12. An endorsement to an insurance policy "is an amendment to or modification of an existing policy of insurance" that "may alter or vary any term or condition of the policy" and that "may be attached to a policy at its inception or added during the term of the policy." Adams v. Explorer Ins. Co., 132 Cal.Rptr.2d 24, 33 (Ct. App. 2003).
13. An endorsement to a workers' compensation insurance policy, for purposes of Cal. Ins. Code § 11658, may concern "matters unrelated to the description of [the insurer's] indemnity and insurance obligations." Ceradyne, Inc. v. Argonaut Ins. Co., No. No. G039873, 2009 WL 1526071, at *7 (Cal. Ct. App. Unpub. June 2, 2009); see Monarch Consulting, Inc. v. Nat'l Union Fire Ins. Co. of Pittsburgh, Pa., 993 N.Y.S.2d 275, 289 (App. Div. 2014).

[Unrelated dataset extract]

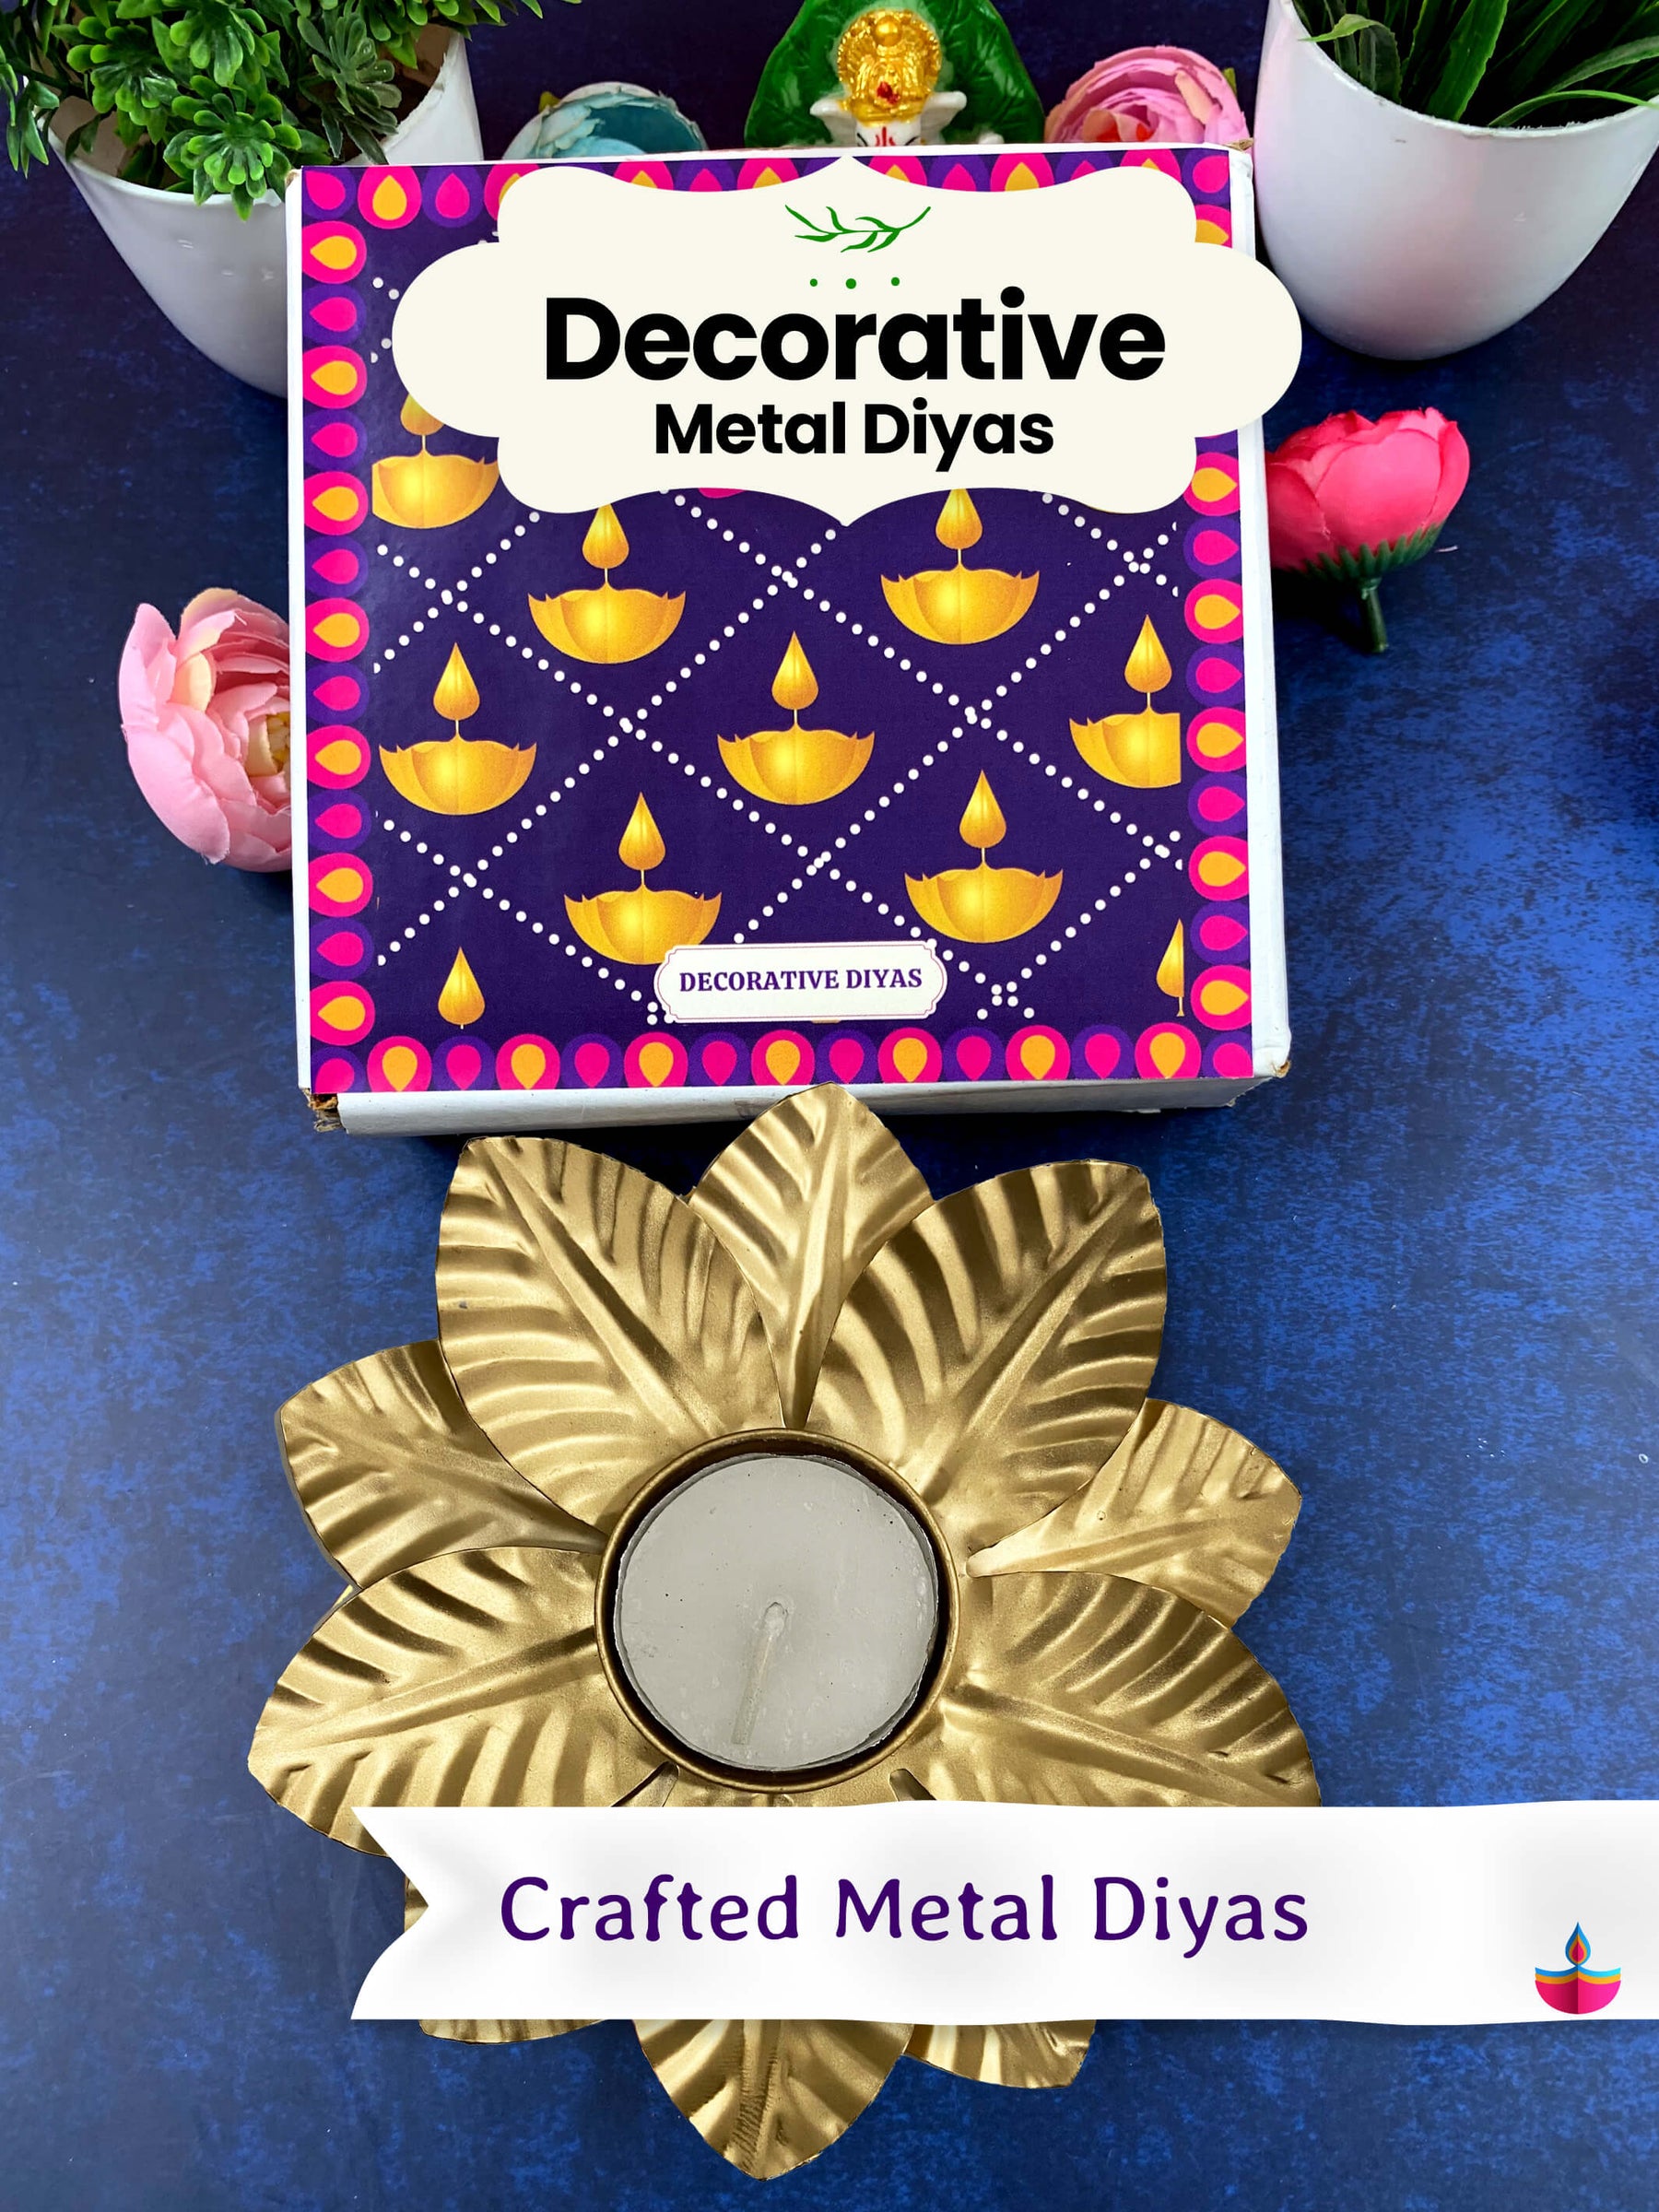 Decorative Metal Diya - Diwali Gift (Pack of 2)

14. The IDAs are endorsements to the Policies between the parties for purposes of Cal. Ins. Code § 11658, and are "collateral agreements modifying the obligation of either the insured or the insurer" for purposes of Cal. Code Regs., tit. 10, § 2268.
15. The IDAs were required to be filed with the WCIRB under Cal. Ins. Code § 11658 and "attached to and made a part of the policy" under Cal. Code Regs., tit. 10, § 2268.
16. Because Zurich failed to file the IDAs with the WCIRB under Cal. Ins. Code § 11658, and failed to attach the IDAs to the Policies under Cal. Code Regs., tit. 10, § 2268, the IDAs are illegal and void as a matter of law.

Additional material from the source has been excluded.